In a previous post, I argued that people should not use pie charts. In this post I am going to make a similar case for word clouds. In short, I will argue that word clouds provide ‘foggy’ insights (pun intended).
Specifically, I will discuss a word cloud that got a lot of attention in the UK on what people think about Boris Johnson. The word cloud in question was made by JL Partners and shared on Twitter. Here it is:
Unsurprisingly, the word cloud went viral. Here is a tweet that got more than 30,000 likes. And here is another tweet that got more than 10,000 likes. It even made it to flow TV. People love word clouds.
I was waiting for a long time for the underlying data to become available, as promised by the polling company. However, it never happened. For that reason, I can only point out the limitations and problems with the word cloud without looking at the raw data.
My main issue with the word cloud is that we cannot really say whether most people call Boris Johnson a liar. We know that the word cloud is based upon 2,000 responses and 72% were negative, but how many of these called Boris Johnson a liar? 5%? 15%? 20%? 50%? It is really a word cloud.

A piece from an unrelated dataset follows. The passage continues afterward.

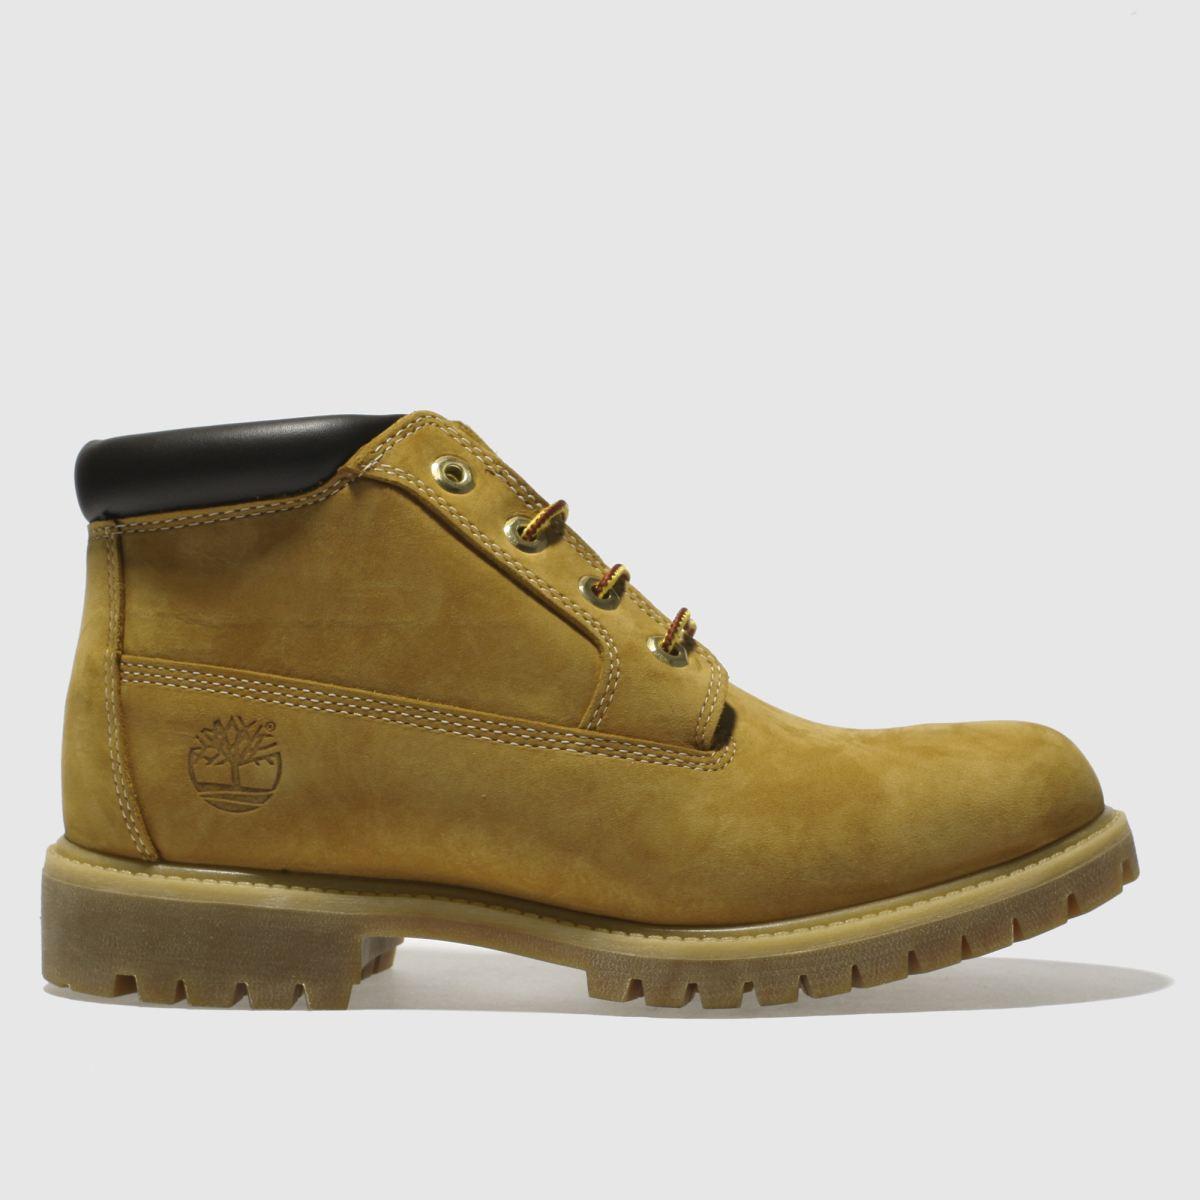 timberland natural premium waterproof chukka boots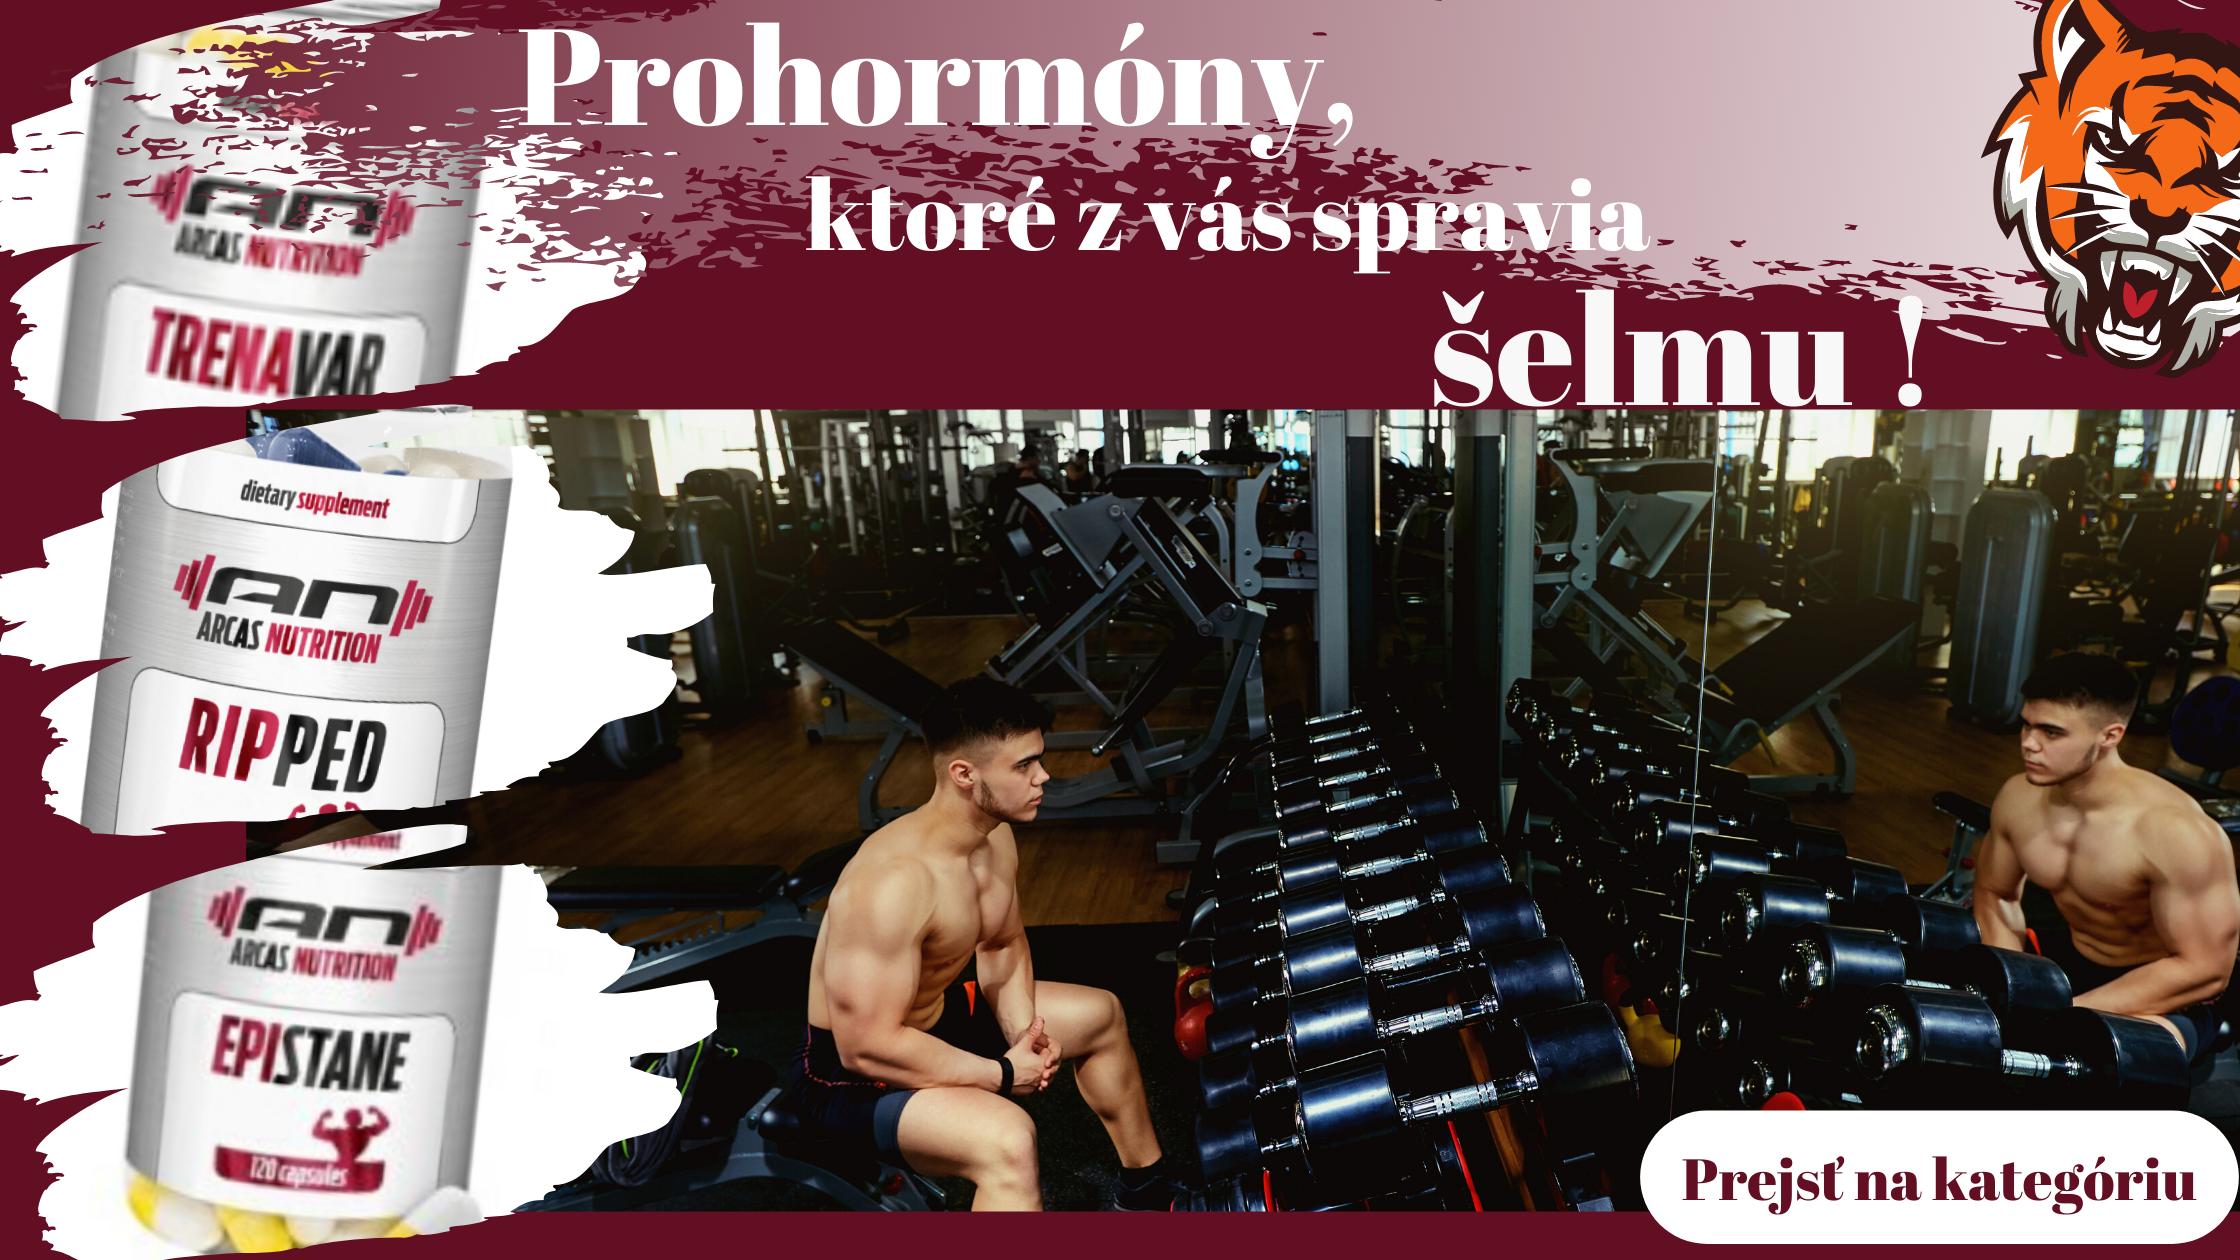 prohormony

We need numbers!
Next, it is easy to get the impression that such word clouds simply arise on the blue sky by themselves. Nothing could be further from the truth. In most cases, you need to preprocess the answers before you can create the word cloud. Notice how we see answers such as “hes” and “he’s” in the word cloud. That is not because a respondent only said “he’s”, but paragraphs such as “he’s a liar” and “he’s a leader”. This is not a problem per se, but it makes is paramount that the material is publicly available. Not only the data, but also the script used to create the word cloud.
Notice also how a specific word, liar, is given the colour blue. This is to make it stand out. It is easy to look at the word cloud and believe that most people said liar, but how many people said liar compared to “leader” or “pm”? Are we looking at 80 people that said “liar” and 70 people that said “leader”? We cannot tell based on the word cloud. In general, it is very difficult to make relative comparisons between words in word clouds.
For those reasons, I suggest that you always consider alternatives to word clouds. If you go with a word cloud, make sure that your material is publicly available and that it is easy to compare the results from the word cloud to other types of presentation of the data. Last, if you still feel tempted to do a word cloud, check out this post on better ways to design word clouds.